■ RECORDS PROVIDED ■
##########

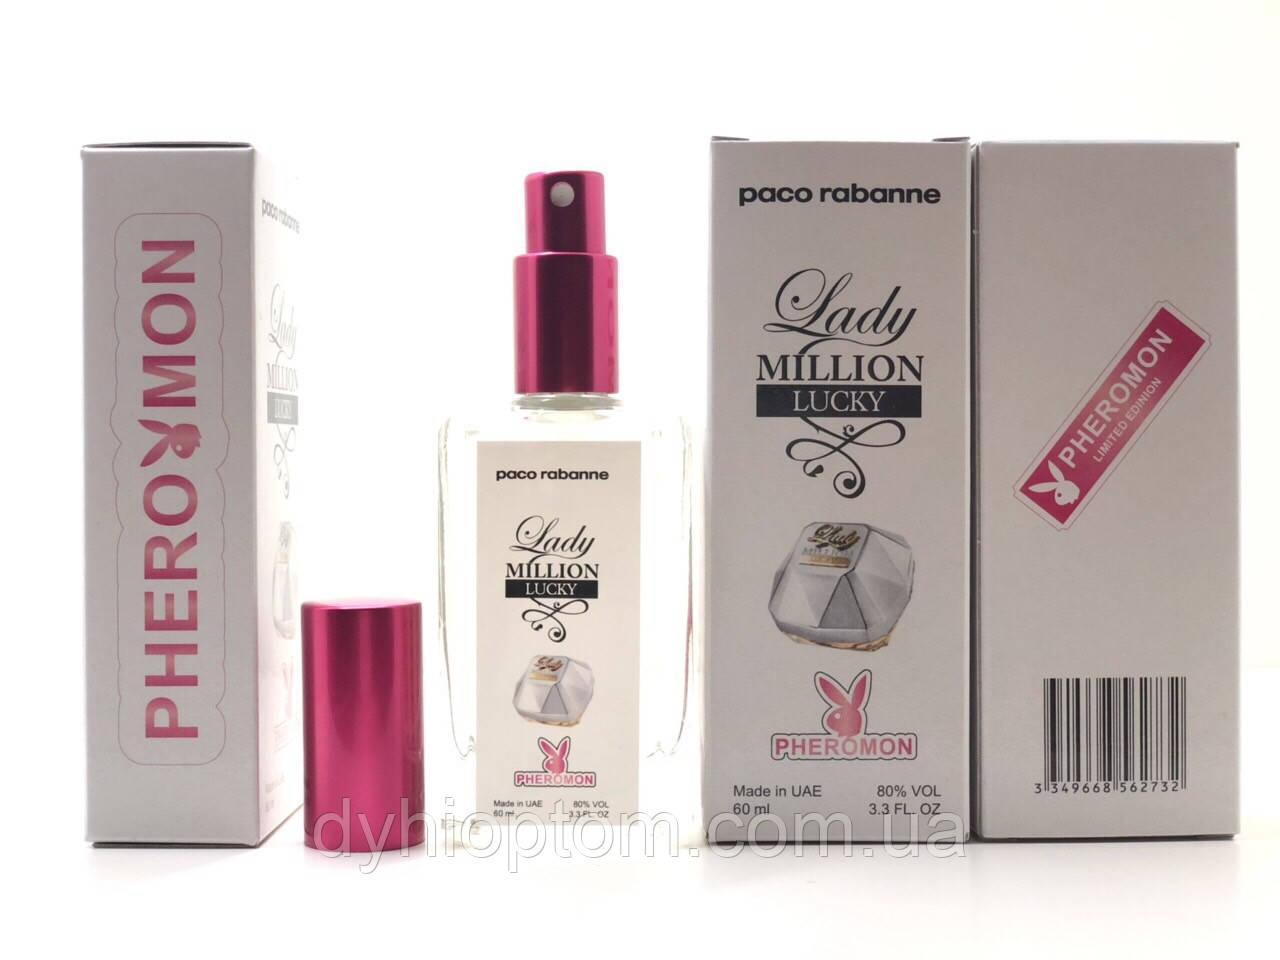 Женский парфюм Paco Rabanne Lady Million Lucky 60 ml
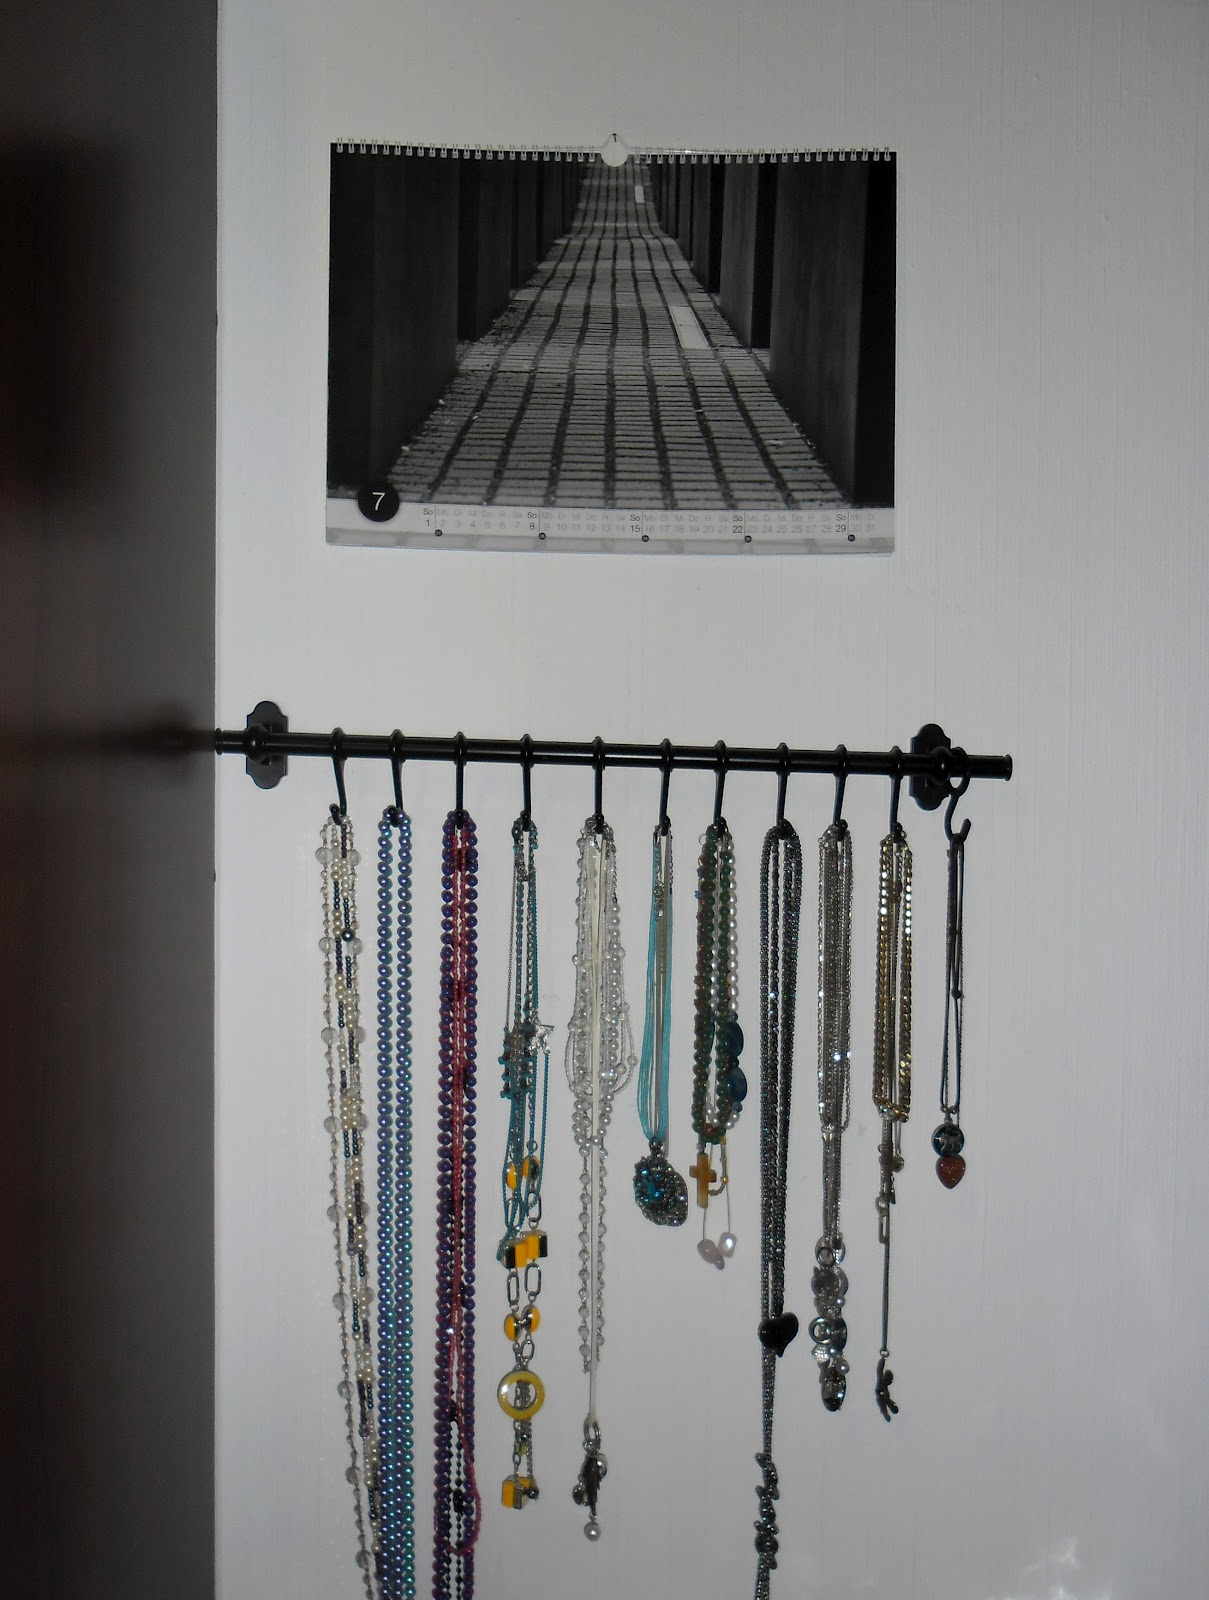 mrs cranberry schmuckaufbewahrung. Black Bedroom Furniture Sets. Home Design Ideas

##########

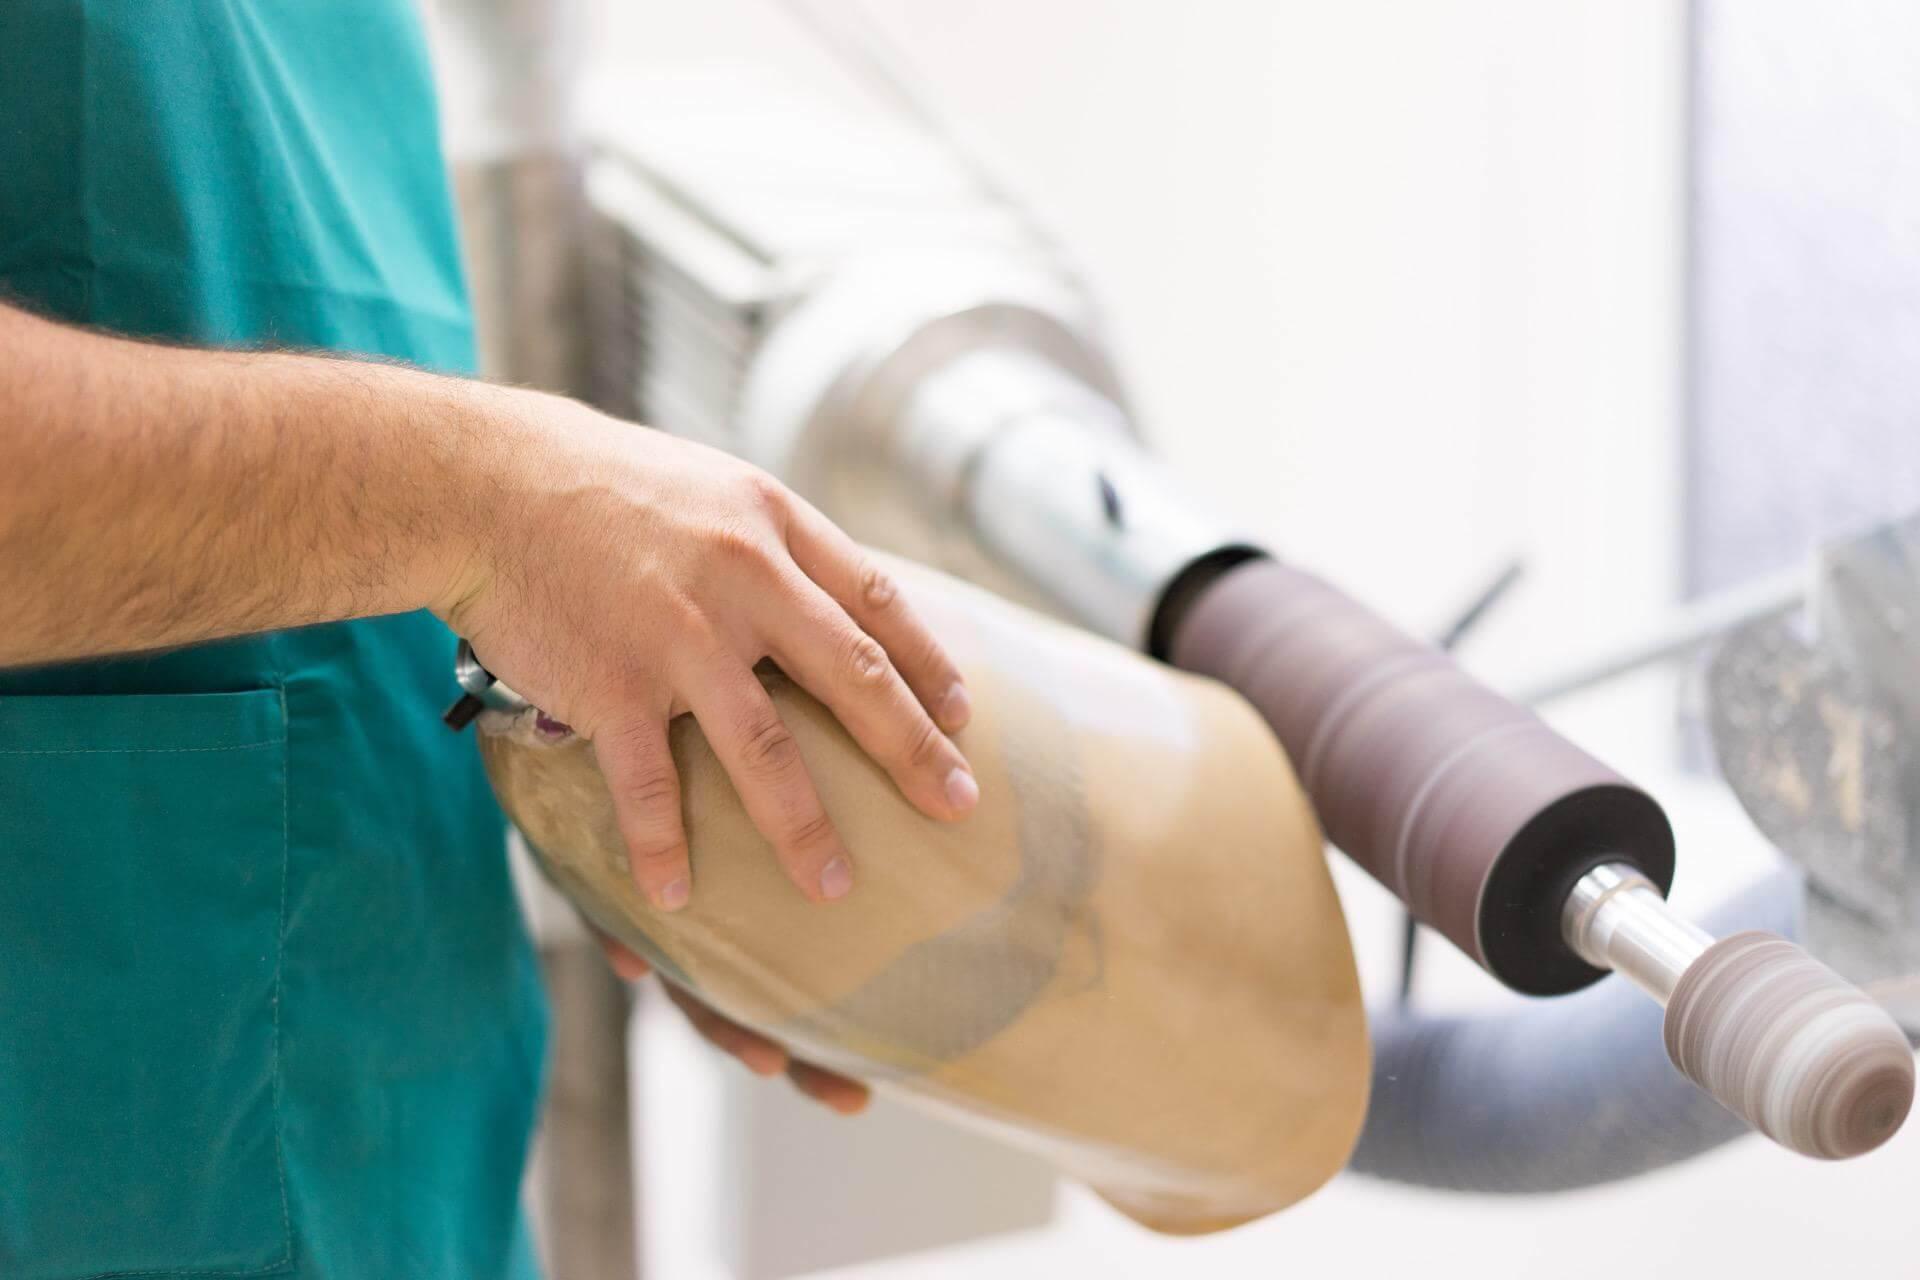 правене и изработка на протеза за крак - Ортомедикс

##########

■ WHAT YOU SHOULD DO ■
In the listing above, find the line containing "Женский парфюм Paco" and the line containing "mrs cranberry schmuckaufbewahrung.", then print exactly those two lines and every line between them, minus the pictures.

■ TASK RESULT ■
 Женский парфюм Paco Rabanne Lady Million Lucky 60 ml
 mrs cranberry schmuckaufbewahrung. Black Bedroom Furniture Sets. Home Design Ideas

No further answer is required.